Around 40% of all cells in the brain are a type of star-shaped glial cell called astrocytes. Astrocytes were first documented by neuroanatomists around 140 years ago, and for a long time were considered the “glue” that held the brain together. With recent advances, far from being a uniform glue, astrocytes are emerging as specialized contributors of brain physiology and disease. However, astrocytes remain largely understudied and relatively little is still known about this, “the other half” of the brain.
"If diseases are complicated, we have a responsibility to understand that complexity," Khakh explains. "Part of the complexity certainly involves these cells. To break through that wall of failure in drug discovery for brain diseases, we really have a strong responsibility to understand all of the cells that take part in disease processes."
- Dr. Bal Khakh
Twentieth century neuroscience was dominated by neuronal studies, because electrophysiology provided a precise way to study electrical activity in neurons. In contrast, astrocytes are electrically silent. Thus, experimental studies of astrocytes lagged behind those of neurons by decades, because electrophysiology was not the appropriate tool with which to study them.
Fortunately, recent advances in genetics, protein engineering and optical microscopy now provide the tools needed to study astrocytes, and with these comes a unique opportunity to tackle a fundamental and exciting area of neuroscience.
Bal Khakh’s lab studies the basic biology of astrocytes and their roles in brain diseases. Using a variety of state-of-the-art approaches, they evaluate, in detail, astrocyte molecular and functional properties in major brain circuits. They are exploring how astrocytes regulate the basal ganglia circuitry and how these functional interactions lead to changes in behavior. They also determine how astrocytes diversify molecularly and functionally in mouse models of brain diseases and thus seek to ascertain whether targeting specific astrocyte mechanisms can produce ameliorating effects in brain disorders. Their long-term goal is to capitalize on knowledge of astrocyte biology to develop new therapeutic strategies for psychiatric and neurological disorders. A parallel goal is to determine how astrocytes contribute to the functioning of the brain as an organ.

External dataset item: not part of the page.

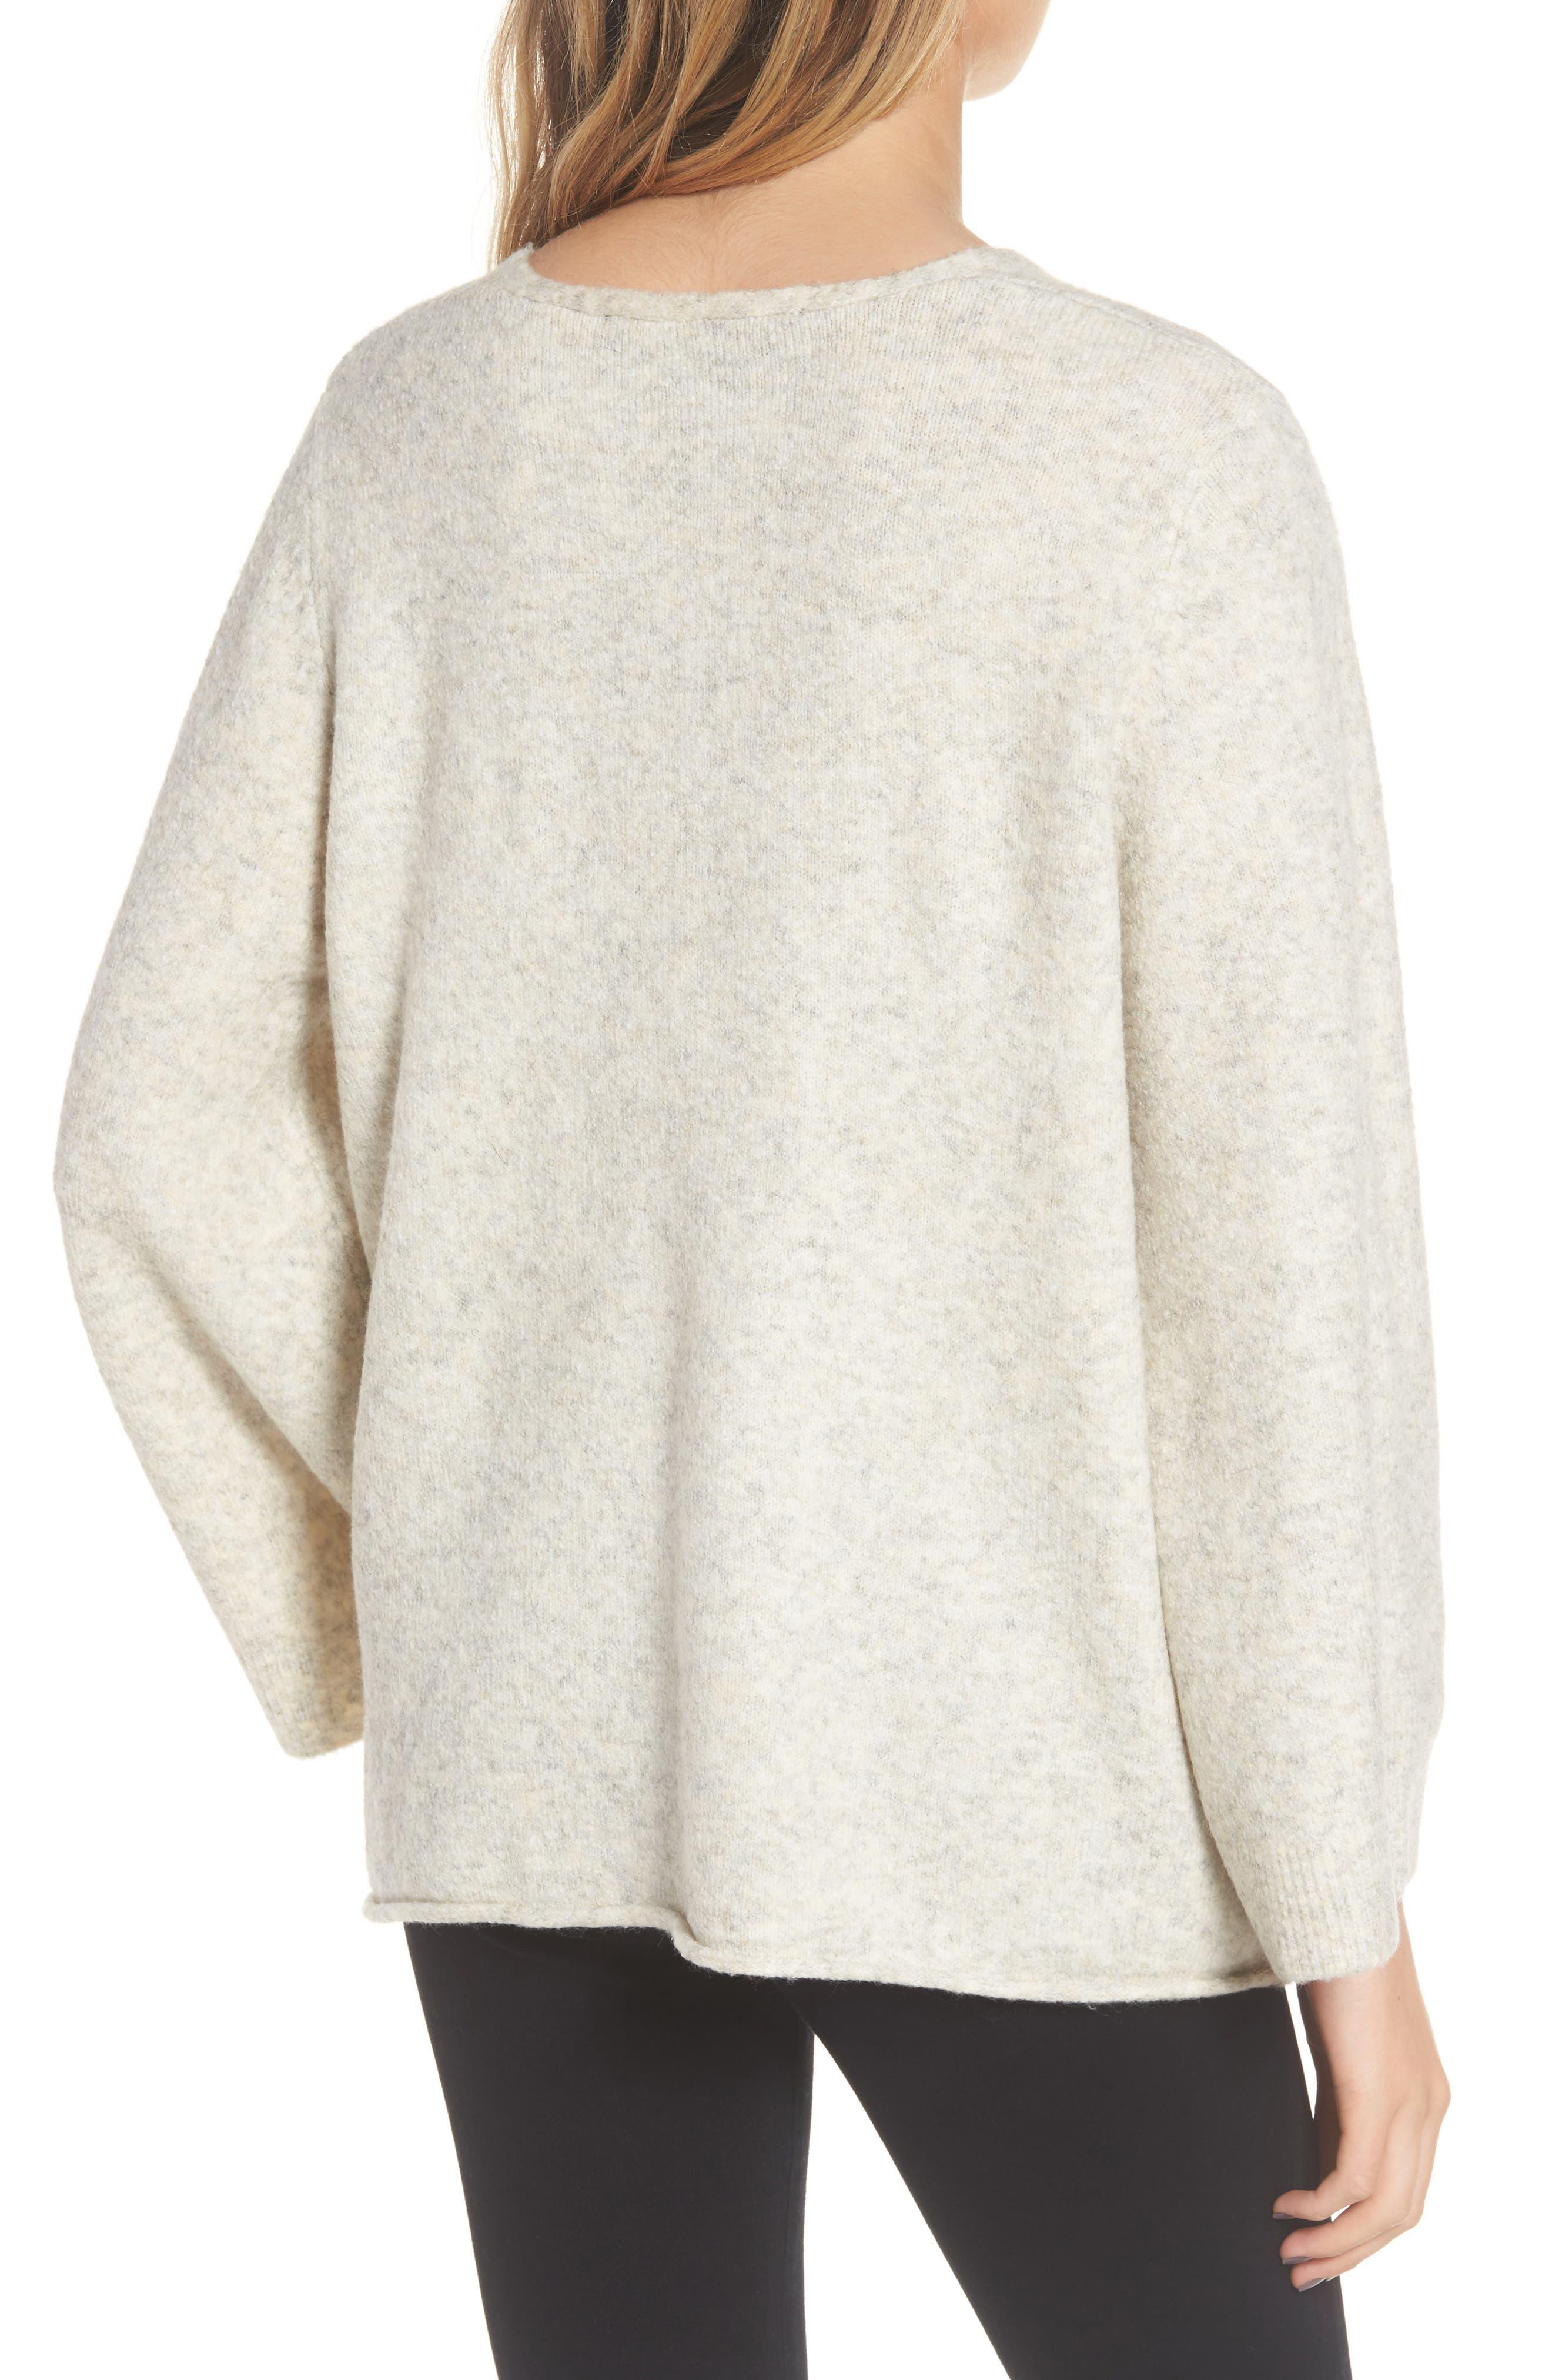 Urban Flossy Sweater,                             Alternate thumbnail 6, color,

Evidence is emerging that astrocytes are involved in a disease called amyotrophic lateral sclerosis (ALS or Lou Gehrig's disease) and Huntington's disease. Both are severe and incurable degenerative diseases.
The gene defect that causes Huntington's disease was discovered decades ago, and researchers know the defect results in a mutant protein containing expanded stretches of one amino acid called glutamine. Mouse models of the disease have revealed that astrocytes also carry this mutant protein. Dr. Khakh has found that the mutant protein in astrocytes contributes to high levels of activity in neighboring neurons. This elegant finding suggests for the first time, a simple mechanism for how astrocytes could regulate neurons in Huntington's disease. Knowing that this mechanism contributes to disease could lead to therapies that address the defect.
"If diseases are complicated, we have a responsibility to understand that complexity," Khakh explains. "Part of the complexity certainly involves these cells. To break through that wall of failure in drug discovery for brain diseases, we really have a strong responsibility to understand all of the cells that take part in disease processes. What makes UCLA unique is that we have a core group of people here driven to understanding what these glial cells do. It's an exciting time to do it, and this is an exciting place to be doing it."